TRY IT
What you write must match, character for character, the lines from the one with "Modern Metal and Wood Coffee Table" down to the one with "Appalachian transfer students" in the listing below, minus its pictures.

MATERIALS PROVIDED

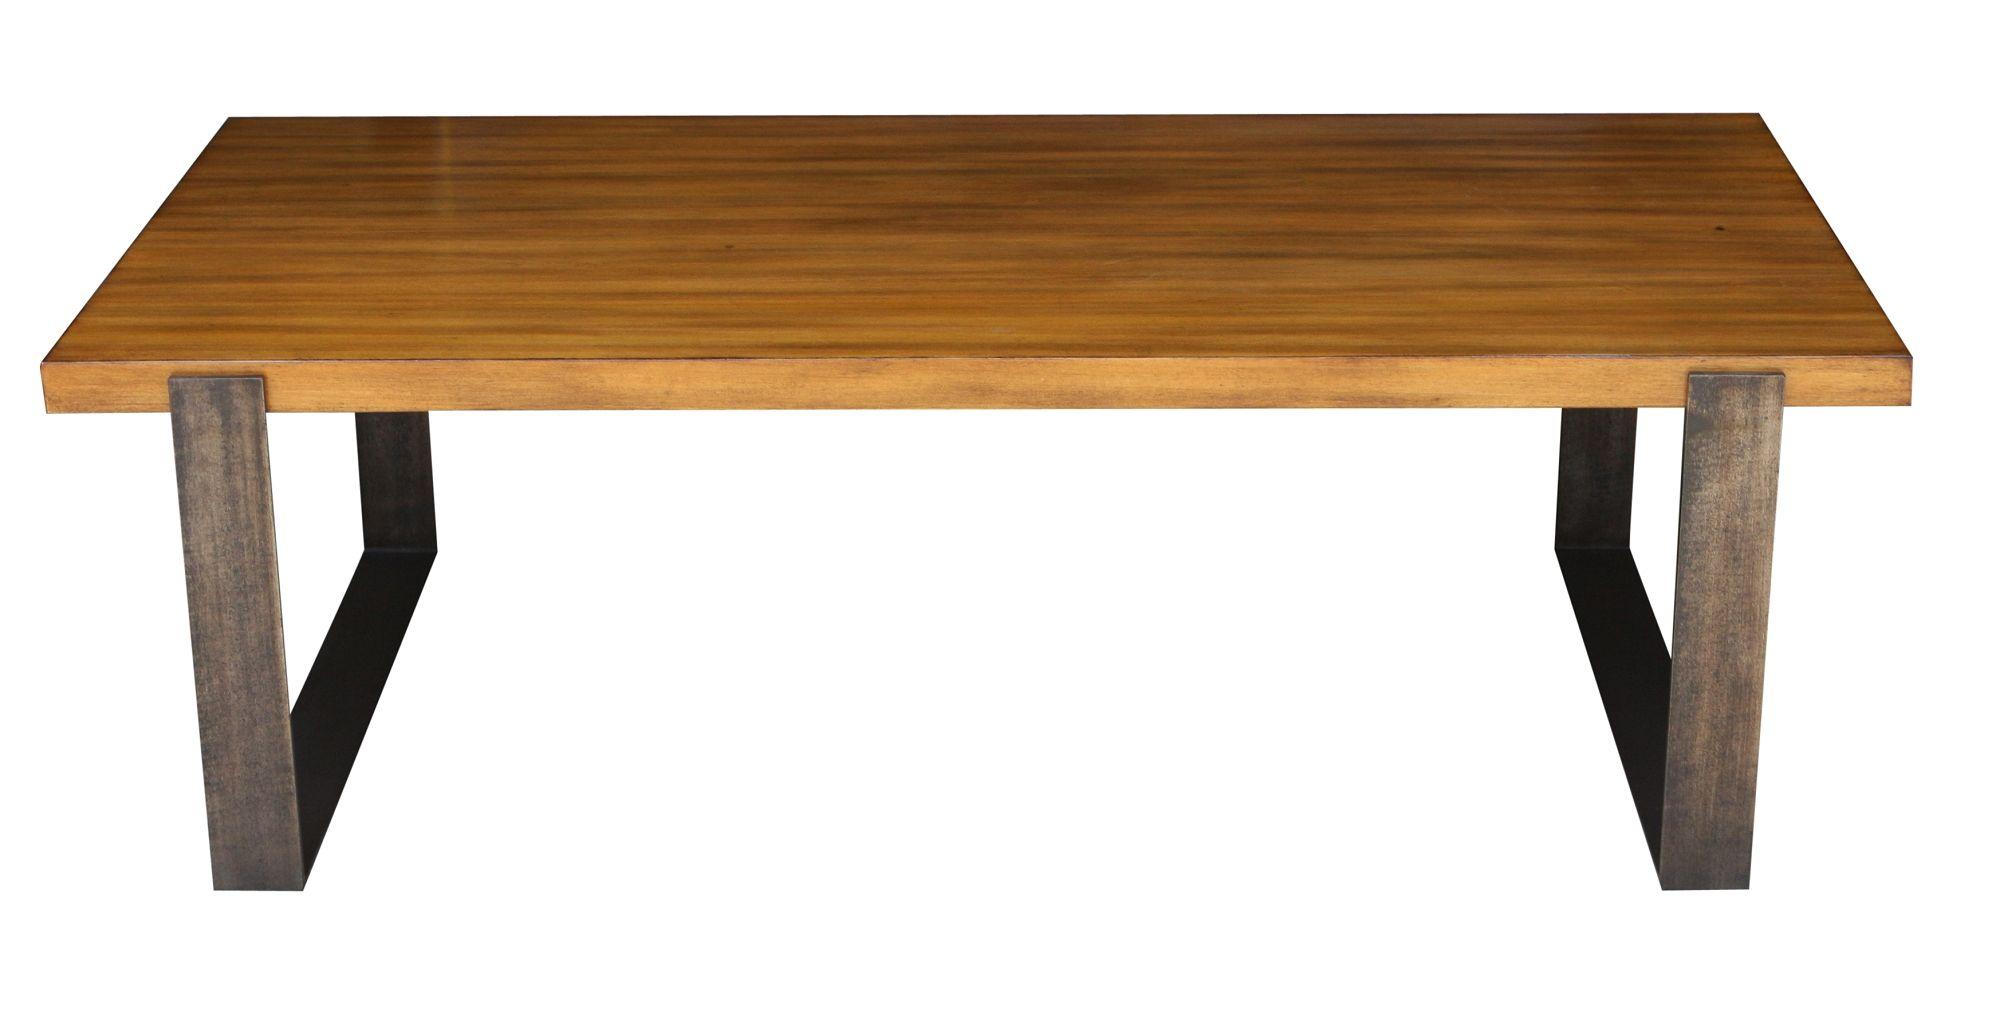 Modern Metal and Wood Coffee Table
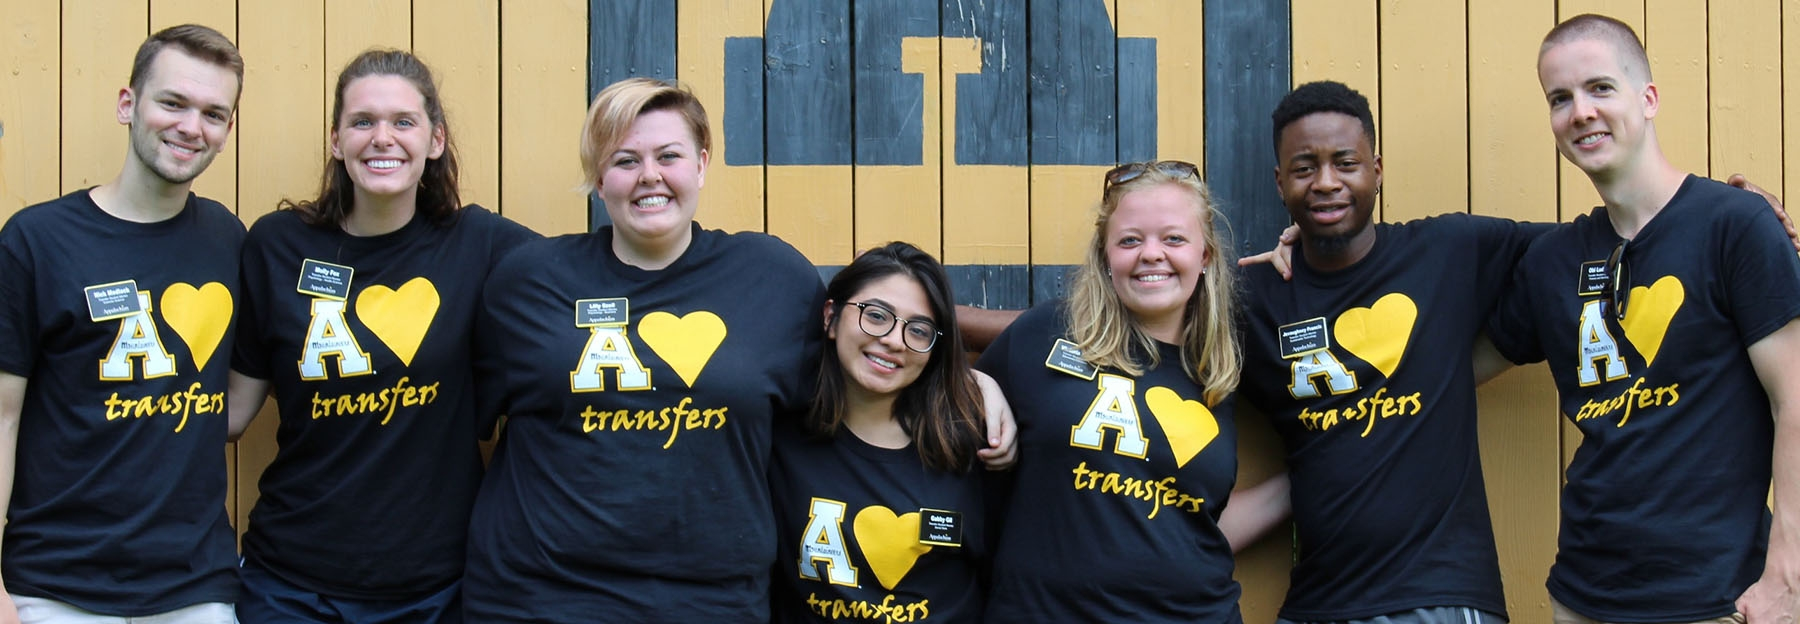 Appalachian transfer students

==

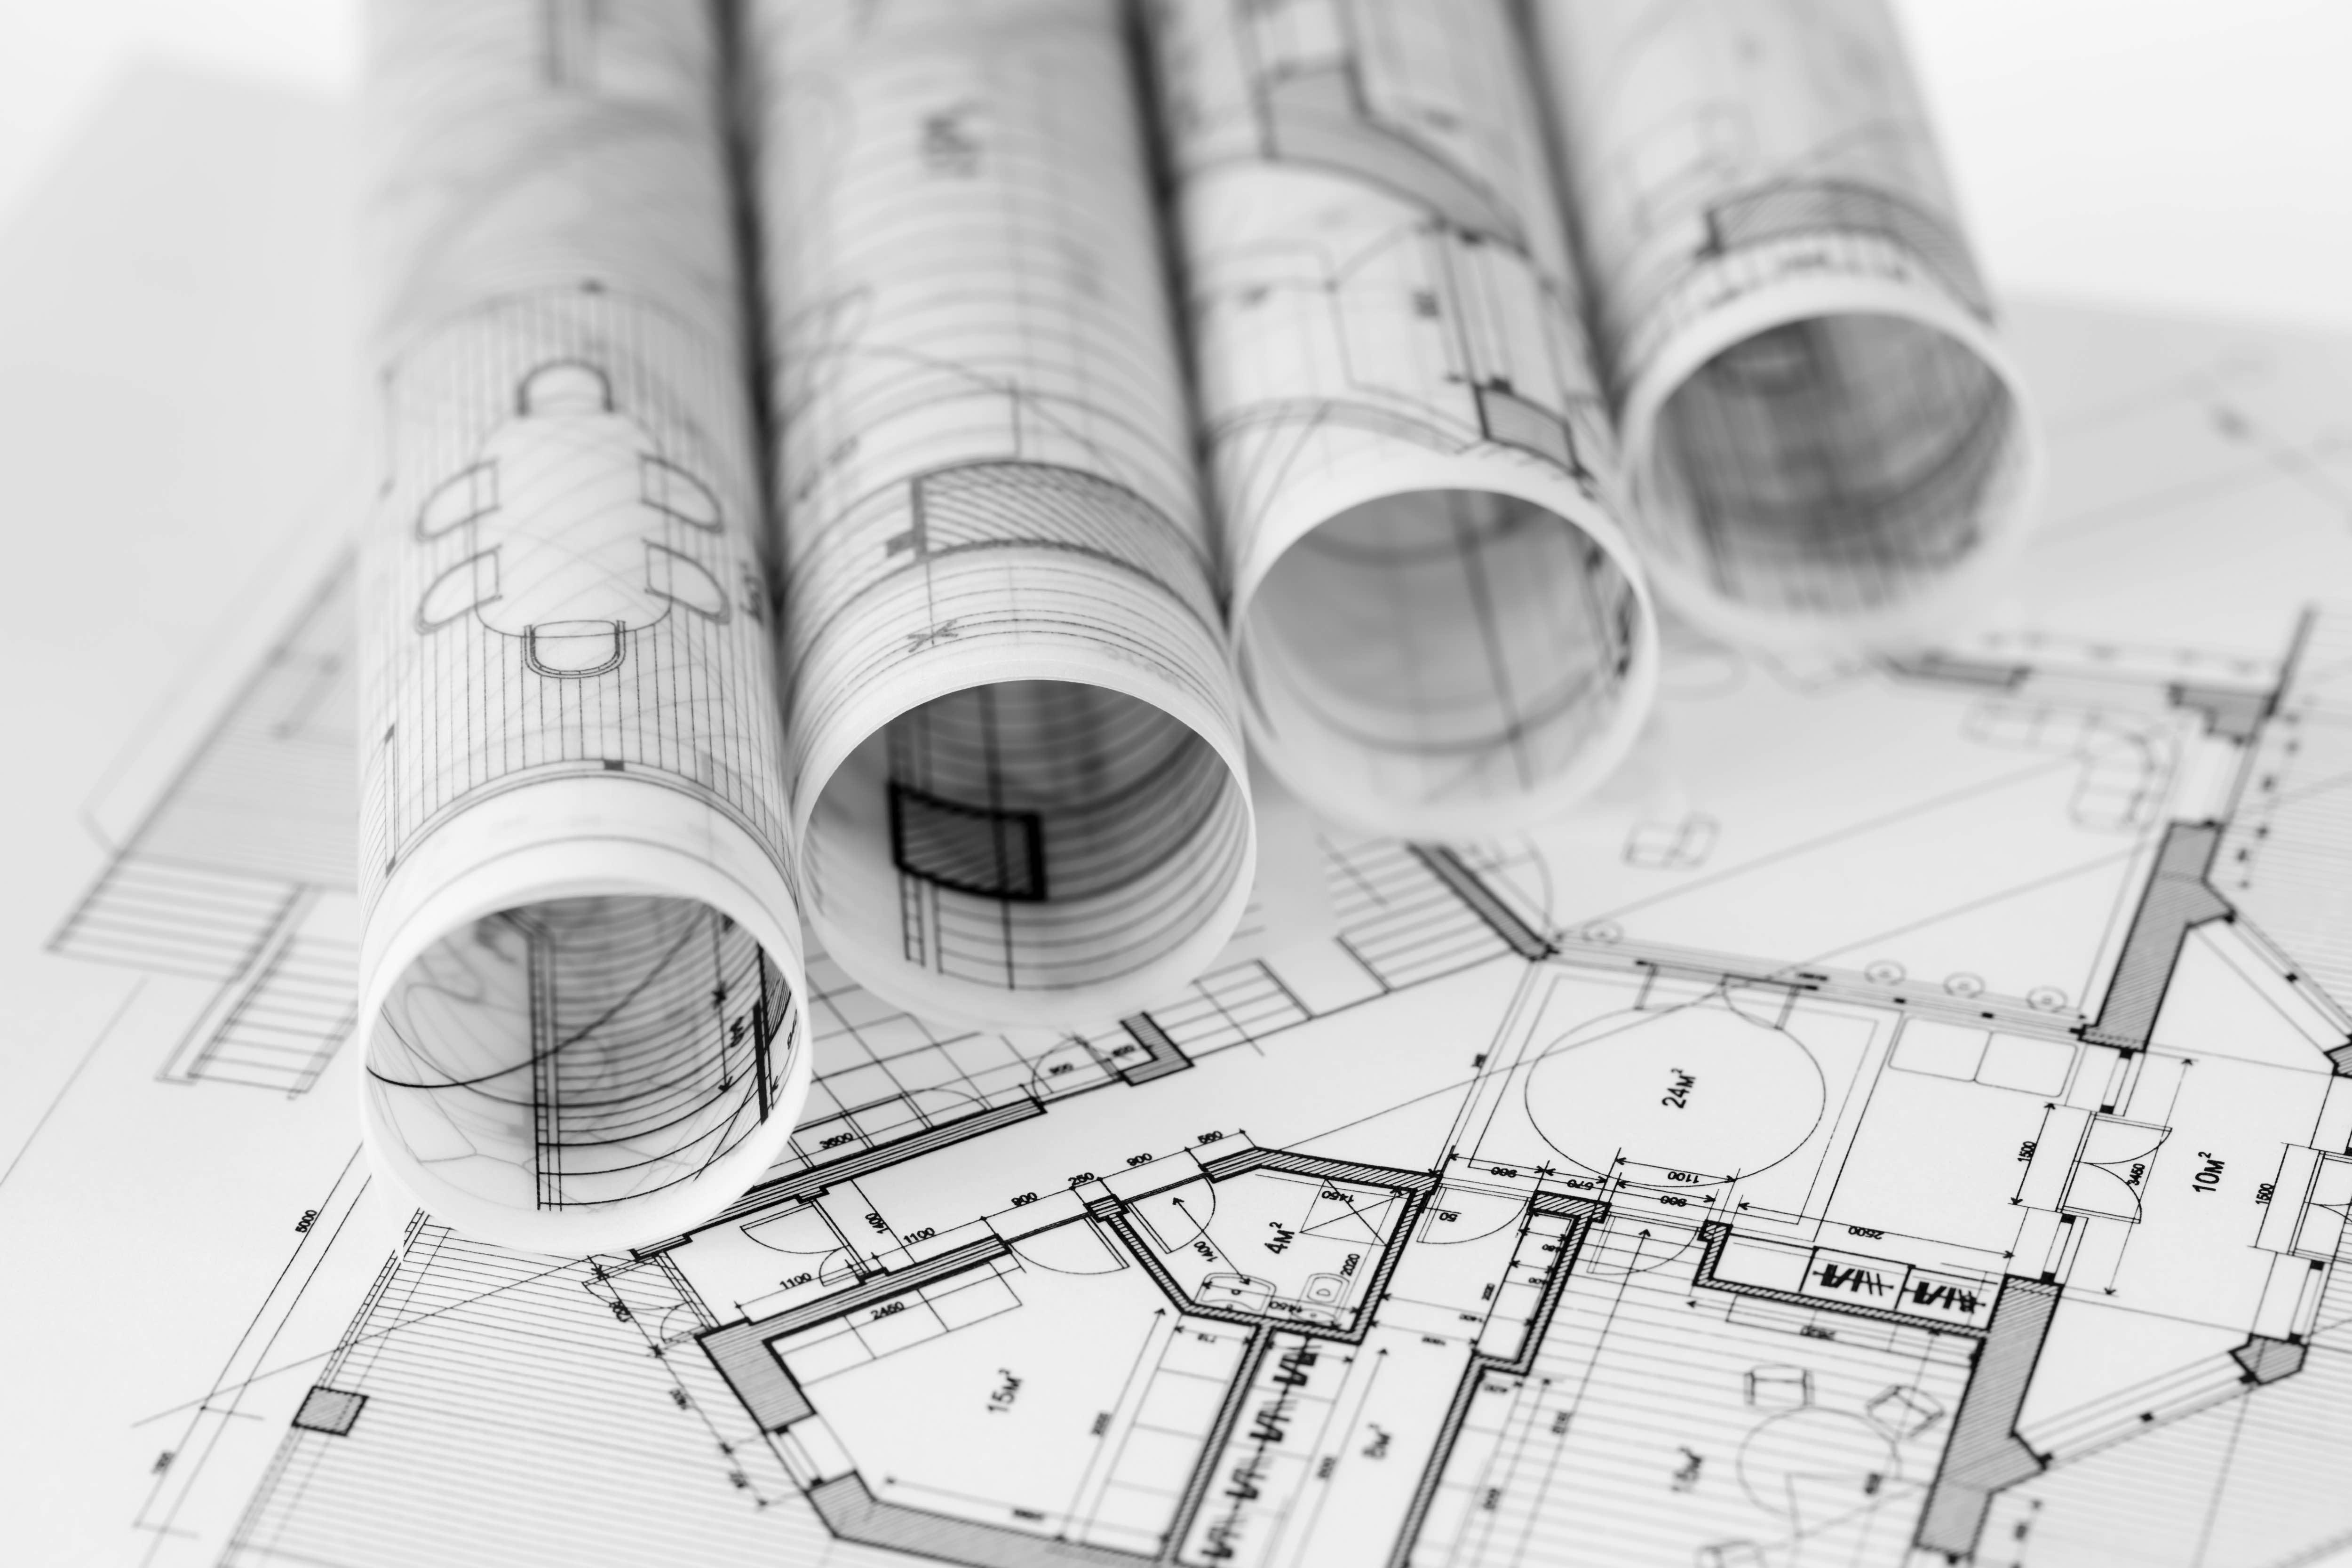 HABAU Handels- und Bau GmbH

EXERCISE RESPONSE
 Modern Metal and Wood Coffee Table
 Appalachian transfer students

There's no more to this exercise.